When using the method of Wilson and McVean (2006) we use the same settings as by Nunes et al. (2006) and Vieira et al. (2008b). Briefly, 250,000 iterations were performed and a burn-in of 25,000 was used. Both an objective and a subjective prior specification approach was used and the results were checked for convergence. In the subjective approach the values used as priors reflect the prior belief that there is little recombination in the data set, as by Nunes et al. (2006).

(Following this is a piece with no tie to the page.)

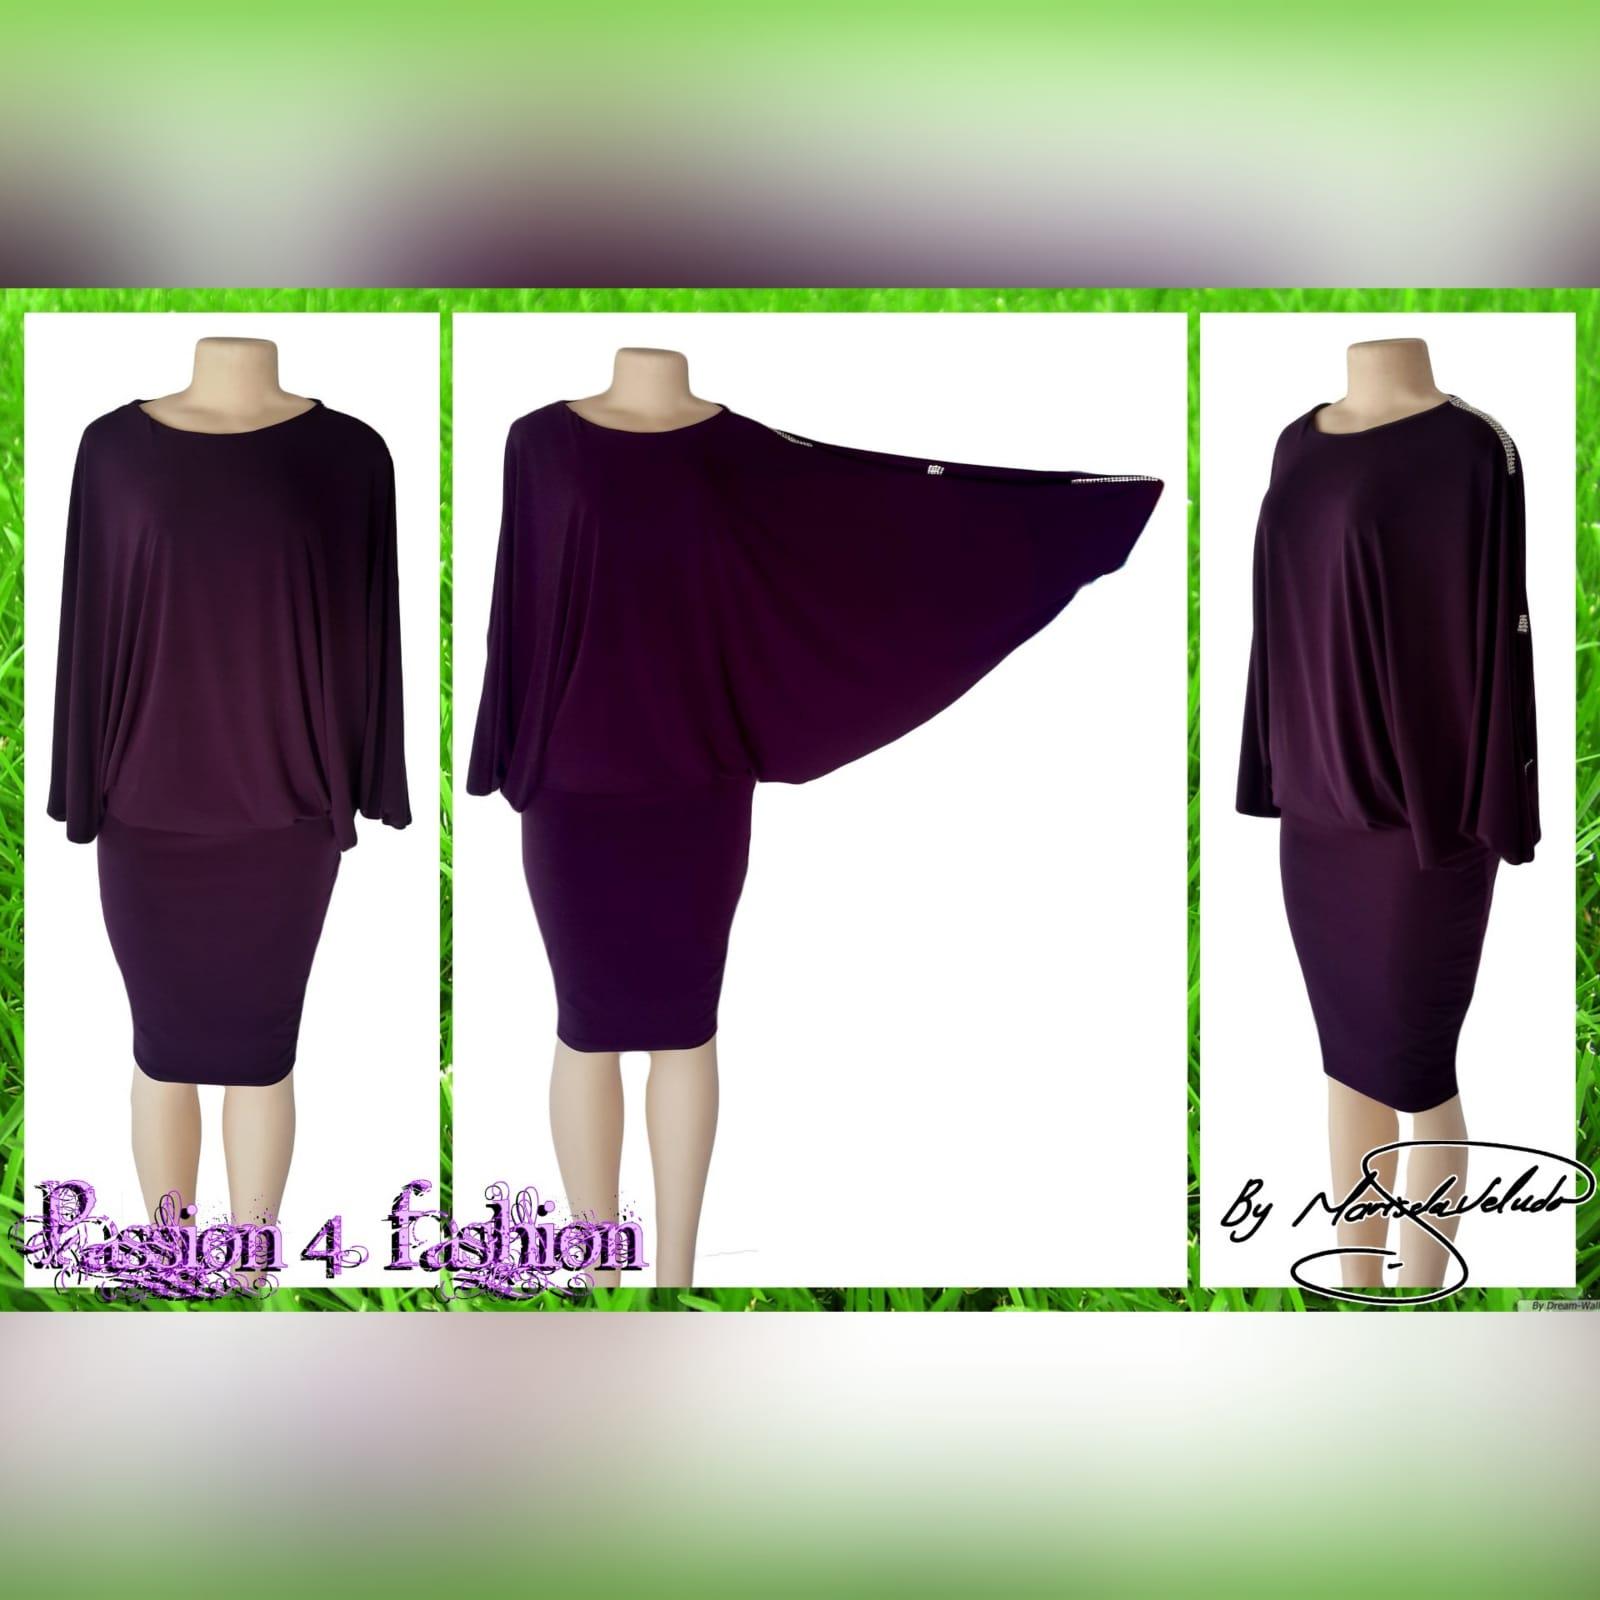 Plum smart casual knee length dress 2 plum smart casual knee length dress with wide sleeves and fitted hip area creating a mini skirt look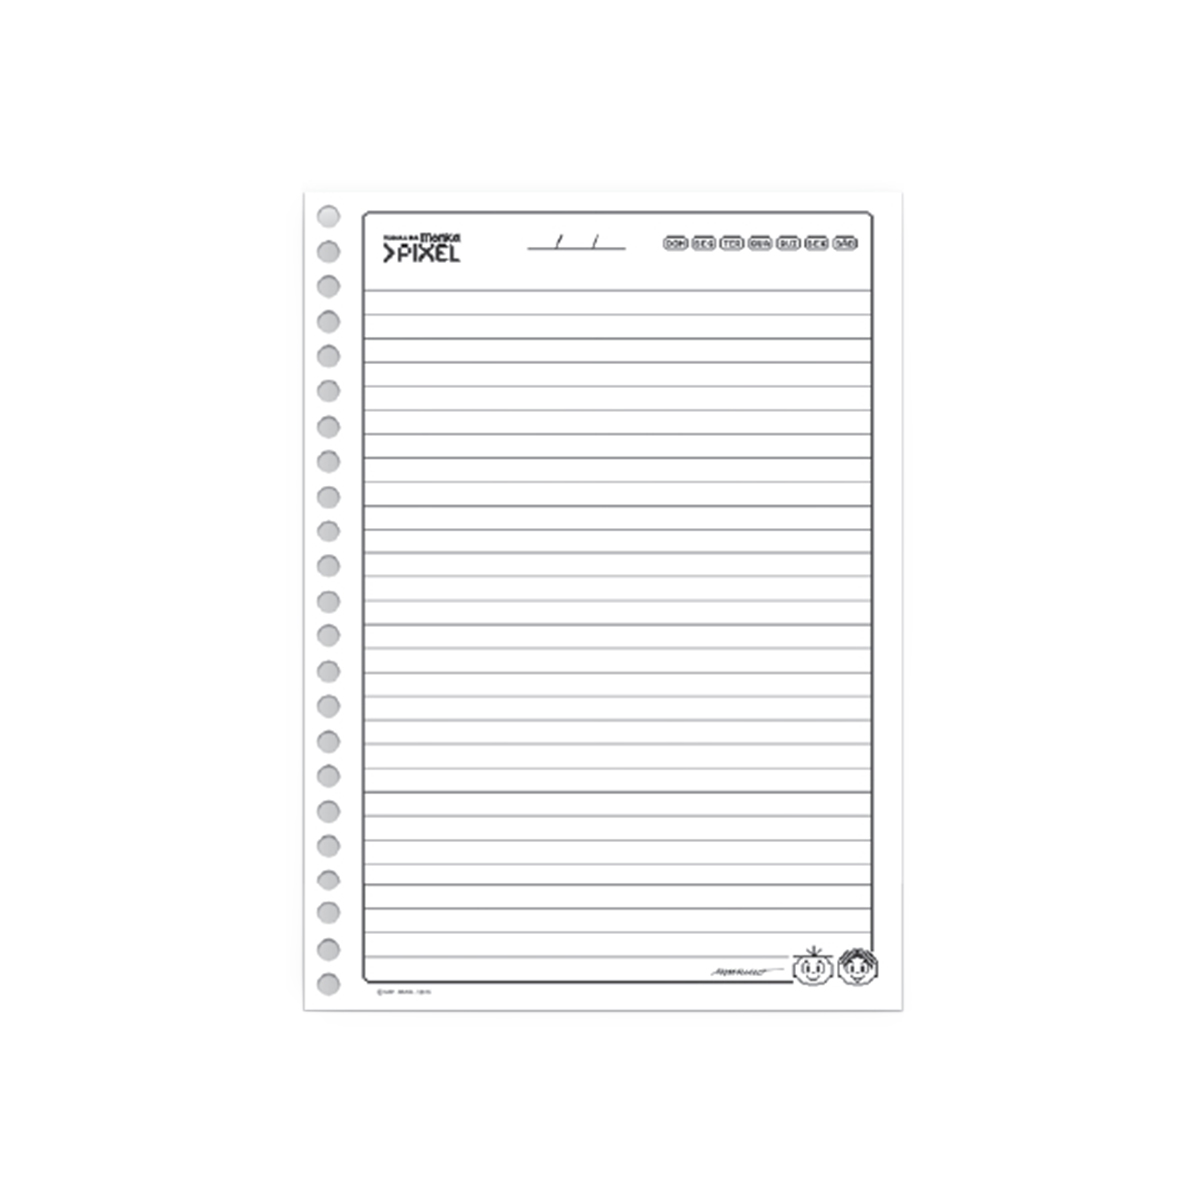 Caderno Turma da Mônica Pixel Mônica 1 Matéria

Looking for Correlated Evolutionary Histories

Linear correlations were calculated using K a and K s values and the SPSS Statistics 16.0 software (SPSS Inc., Chicago, IL). The partition homogeneity test was performed, as implemented in PAUP* (heuristic search using as optimality criterion parsimony; 1 million replicates).

Results

Phylogenetic Analyses of SLF-Like Sequences

RNase-based GSI is thought to have arisen about 120 million years ago, before the Asteridae-Rosidae split. Thus, to make inferences on the evolution of this system, nucleotide sequences from very divergent species must be compared. Since divergent nucleotide sequences are being compared, the alignment and phylogenetic methods used may affect the conclusions that are made. Therefore, we have used three sequence alignment approaches, as well as two phylogenetic inference approaches (Materials and Methods) for each of the three resulting alignments. The phylogenetic trees obtained are shown in Supplementary Figs. S1 and S2. Based on these phylogenies we define eight sequence groups (Fig. 1; see also Supplementary Table S1). Two hundred five of 210 sequences are always classified in the same group, irrespective of the alignment and phylogenetic method used. Nevertheless, as shown in Fig. 1, the relationships between the different sequence groups differ depending on the alignment and phylogenetic method used. When only amino acid aligned positions with a score >3 are used, as suggested by Notredame et al. (2000), different phylogenetic trees are still obtained when different alignment algorithms are used (data not shown).

Fig. 1
figure 1

Schematic representations of the phylogenetic trees shown in Supplementary Figs. S1 and S2. Panel 1: using 210 complete F-box S-pollen and S-like nucleotide sequences and a fast maximum likelihood method, as implemented in GARLI (Zwickl 2006). Numbers are the percentage of times a given cluster is observed. Panel 2: using 84 complete F-box S-pollen and S-like nucleotide sequences (that represent all most divergent lineages) and a Bayesian approach (Huelsenbeck and Ronquist 2001). Numbers are posterior credibility values >0.60. The sequences were aligned using: (a) T-Coffee’s accurate alignment mode (Notredame et al. 2000); (b) T-Coffee’s express alignment mode (Notredame et al. 2000); and (c) the CLUSTALW algorithm implemented in DAMBE (Xia and Xie 2001). Based on these phylogenies we define eight sequence groups, called A to H

All phylogenies obtained here suggest that putative S-pollen sequences from Petunia, Antirrhinum, and Pyrus/Malus cluster together with sequences not involved in specificity determination, an observation previously made by Wheeler and Newbigin (2007).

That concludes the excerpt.